Regex: special character classes

Earlier we have learned about character classes, but we have not covered everything there. There are certain character classes that are so frequently used that a special sequence was created for them. A special sequence, that will make the code shorter and more readable.

\d - digit - [0-9]

\d stands for "digit". It is the same as [0-9] except that it is much shorter to write and easier to read. So the regex /\d/ would match a single digit. There are two ways to use this special character class. One is stand-alone as we just saw it or in this example: /#[XYZ]-\d\d\d/ that will match strings like these:

#X-123
#Y-666

In this case we can put quantifiers on the character class. For example /#[XYZ]-\d{3}/ would mean the same as the previous regex and /#[XYZ]-\d+/ would allow any number of digits (at least one) after the dash.

The other usage is to put the \d in square brackets as part of a larger character class. For example [\dABCDEF] would match a single digit or one of the capital letters A, B, C, D, E, or F.

This is a character class that can match a digit of a hexa-decimal number.

Actually, we would probably not want to spell out the 6 letters but would write [\dA-F] and looking at this example I am not even sure I would not write [0-9A-F] instead. It is a bit longer, but in this case it feels clearer.

In a nutshell, they do the same, write the one that looks more readable to you.

\w - word character - [0-9a-zA-Z_]

Similar to \d for digits, there is also \w that stands for "word characters". In this case "word characters" mean digits, ASCII letters, and the underscore. Actually this will also match "other connector punctuation chars plus Unicode marks" so they are not exactly the same. For specific definition look at the documentation.

\s - whitespace - [\t\n\f\r ]

The third common character class sequence is \s representing a whitespace. The 5 characters it matches are horizontal tab, the newline, the form feed, the carriage return, and the space. In recent version of Perl there are some experimental changes that will probably not affect you. Check out the details if in doubt.
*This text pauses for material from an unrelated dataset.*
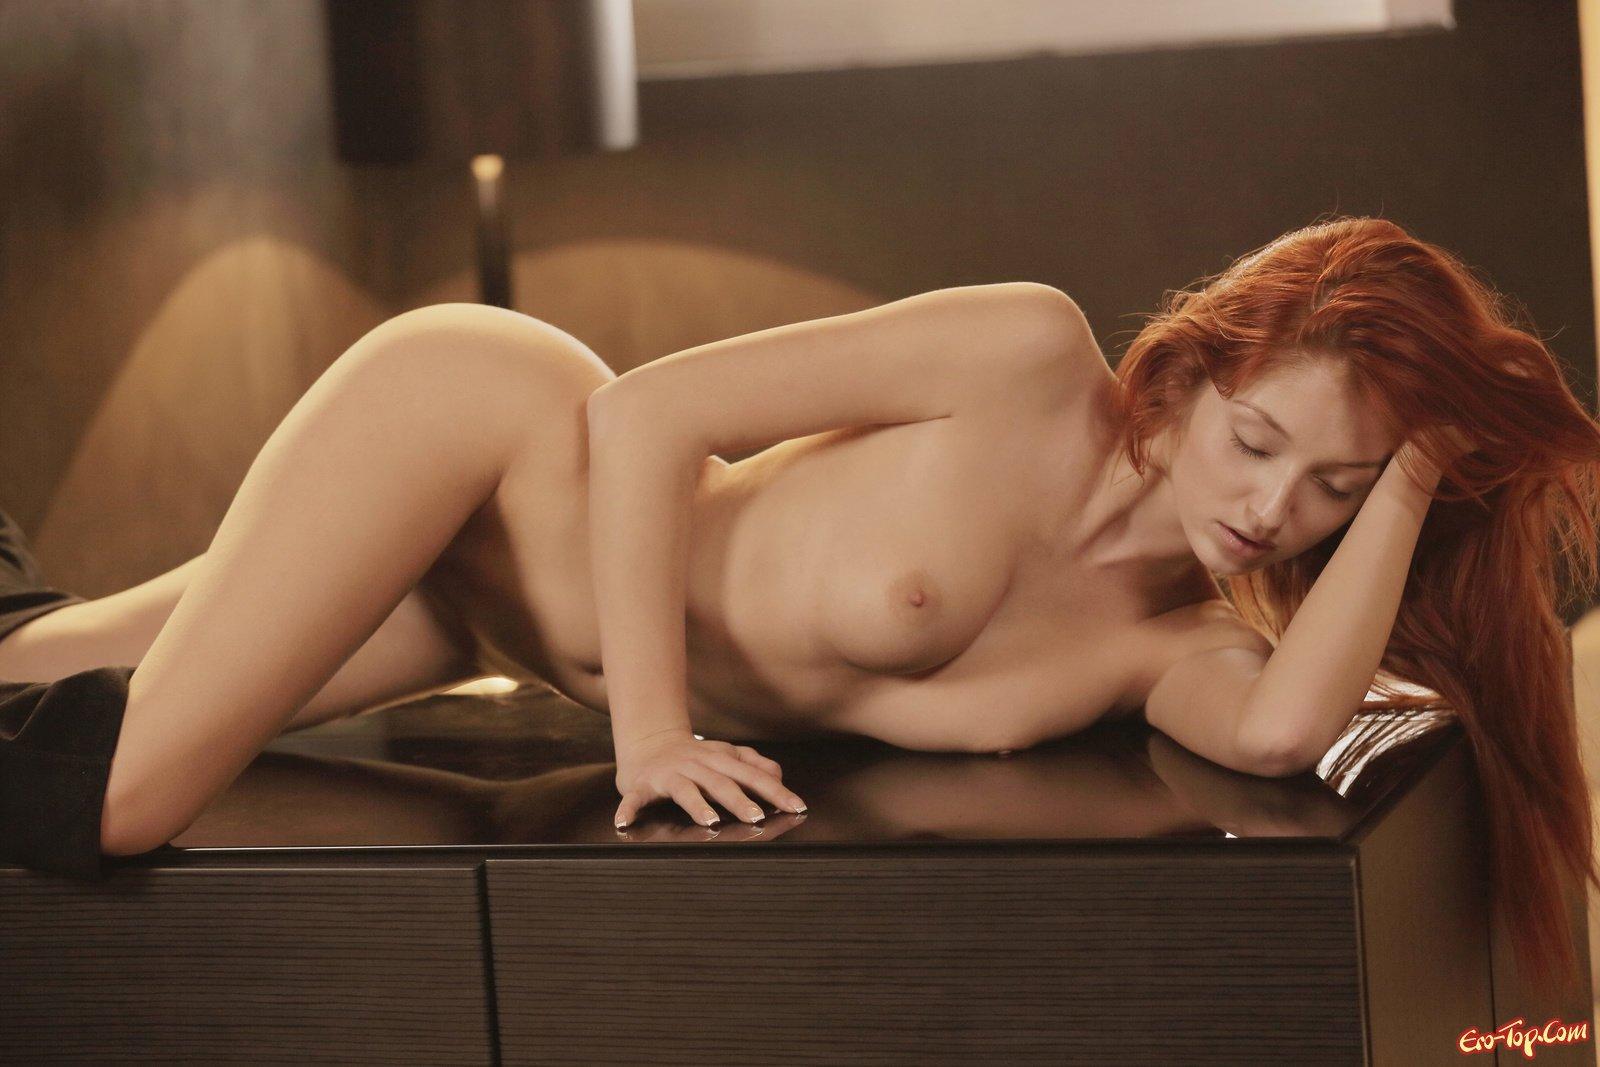 Симпатяга спускает трусики лежа на кухонном столе

\D, \W, \S - negated character classes

As you might remember putting a caret as the first character in a character-class means that the character-class is negated. It will match any single character except the ones listed. So [^\d] would mean any non-digit character.

To make it easier to write this, perl provides the \D character-class which means exactly the same.

Similar to \D there are also negated versions of the other two character classes:

Character Class        Negated      Meaning
\d                     \D           [^\d]
\w                     \W           [^\w]
\s                     \S           [^\s]

POSIX character classes

POSIX is a family of standards for maintaining compatibility between operating systems. Among other things it also specifies a number of "groups of characters" with a name. It has groups called alpha, alnum, etc. Perl provides special sequences to match a single character in one of these groups.

The syntax is [:alpha:] to match a single character from the group called alpha.

The POSIX character classes can only be used inside a bigger character class, so you will need to write /[[:alpha:]]/ if you really wanted to match a character in the alpha group.

Actually it is very unlikely that you will need these character classes, but if you do, you can check out more details about them in the documentation.

Unicode character classes

Unicode is a definition of "all" the existing characters in the world. More than 100,000. Each character is described as a character point, but certain characters are also grouped together. You can use the \p{...} notation to match a single character from one of these groups.

For example if you need to match a Thai character you can use the \p{Thai} expression. If you need to match anything except a Thai character you can use the corresponding \P{Thai} expression.

You can use these as stand-alone character classes /\p{Thai}/ or as part of a larger character class: /[\p{Thai}\p{Arabic}]/.

There are, of course, a lot more details, so if you need to handle interesting characters, you should read the documentation

Expression    Meaning                                              Usage
\w            Word characters: [a-zA-Z0-9_]                        \w+ or [\w#-]+
\d            Digits: [0-9]    
\s            [\f\t\n\r ]
              form-feed, tab, newline, carriage return and SPACE
\W            [^\w]    
\D            [^\d]    
\S            [^\s]    
[:class:]    POSIX character classes (alpha, alnum...)             [[:alpha:]]+ or [[:alpha:]#-]+
\p{...}      Unicode definitions (Alpha, Lower, That, ...)         \p{Thai}+ or [\p{Thai}#!-]
\P{...}      Negation of Unicode character class

Comments

"... as we just saw it or in this example: /#[XYZ]-\d\d\d/" I do not recall seeing it! What is the url?